The SBC position statement on homosexuality is the best statement I have found that can guide us on this point: "We affirm God's plan for marriage and sexual intimacy – one man, and one woman, for life. Homosexuality is not a "valid alternative lifestyle." The Bible condemns it as sin. It is not, however, unforgivable sin. The same redemption available to all sinners is available to homosexuals. They, too, may become new creations in Christ." 3 Marriage, as we have labored to show, pictures Christ having come to provide redemption and coming again to rescue His bride - the church. The Gospel message ought to be central in our dealings with same-sex advocates - being that in affirming the Gospel, we are affirming marriage. 

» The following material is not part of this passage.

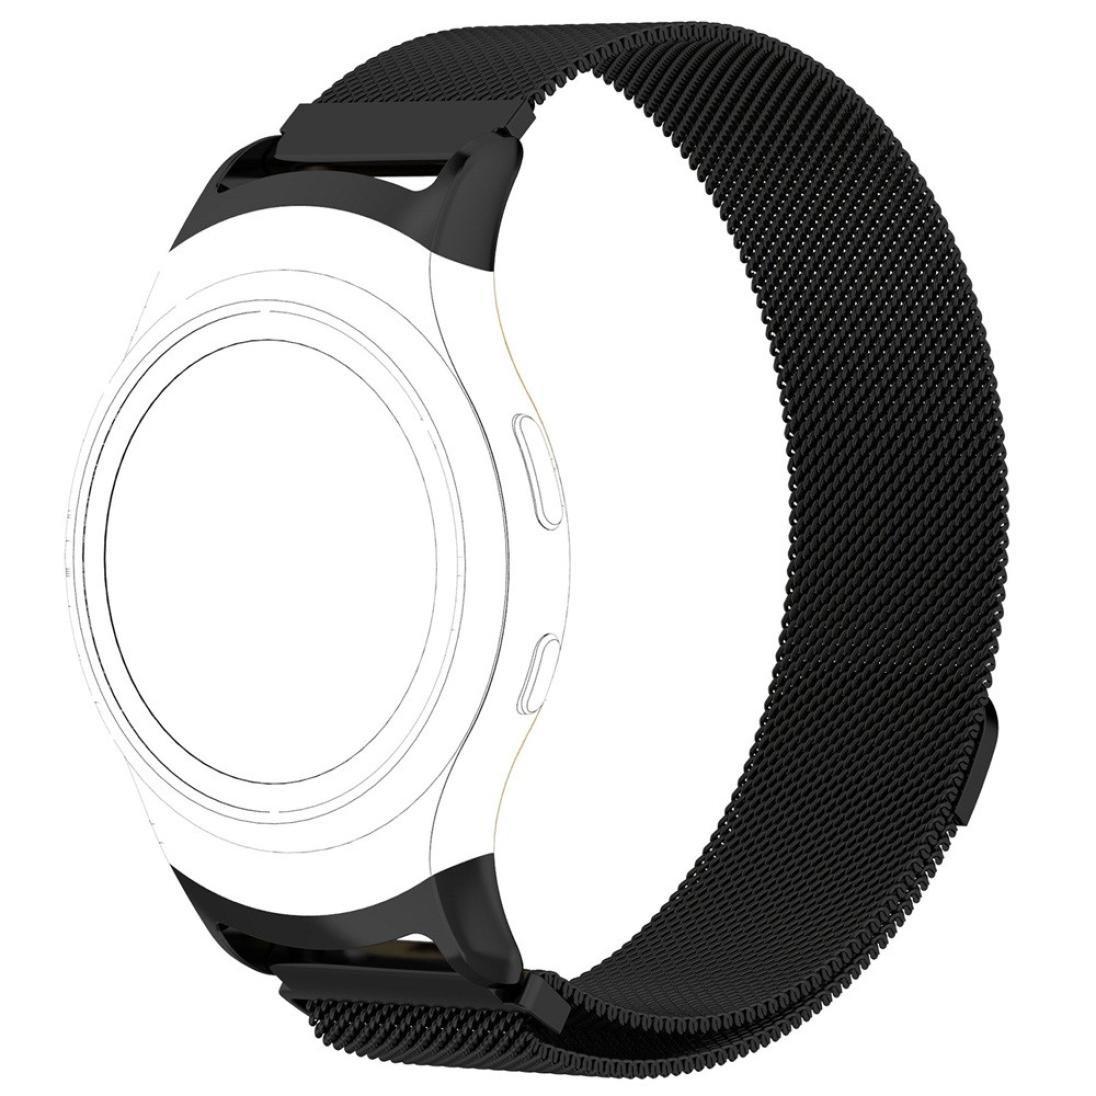 Voberry Magnetic Mesh Loop Milanese Stainless Steel Bracelet Strap For Samsung Gear S2 SM-R720/SM-R730 (Black)

2. Focus specifically on declaring what marriage is
A portion of Article 18 (XVIII) in The Baptist Faith & Message 2000 states the following about marriage: "Marriage is the uniting of one man and one woman in covenant commitment for a lifetime. It is God's unique gift to reveal the union between Christ and His church and to provide for the man and the woman in marriage the framework for intimate companionship, the channel of sexual expression according to biblical standards, and the means for procreation of the human race."4

3. Live the standard, promote your own Christian marriage as an example of why God's marriage standard is the only standard
The best and most effective way to drive home the point about God's marriage standard is to simply live out what the Bible teaches.  We must of course never cease in declaring what that standard is.  However if Christian married couples in our churches don't make an effort to prove to the world that the Gospel makes a difference in life and marriage, then what can we expect when people increase cynicism about marriage? If we can demonstrate marriage to be what God designed it to be, all other arrangements will be shown to be inadequate and sinful imitations of God's only and original design for life-long love, trust and nurture - namely marriage. 



Endnotes:
1. Quite literally in the original language, those who "forbid" marriage will try to "stand in the away or make it difficult" for those who want to get married or who advocate such.  In Paul's letter to Timothy, the church of which he was pastoring was located in a city where all sorts of practices and relationships were being promoted.  Temple prostitution was the norm and the Roman and Greek practices of polygamy or having mistresses would had been accepted in that culture.  What Paul is saying is that such opposition to God's marriage standard of one man/one woman in marital covenant will grow worse and more pronounced as the time for Christ's return approaches. 

2. Timothy Keller. The Reason for God - Conversations on Faith and Life. Zondervan. 2010. DVD series: session three - what gives God the right to tell me how to live my life?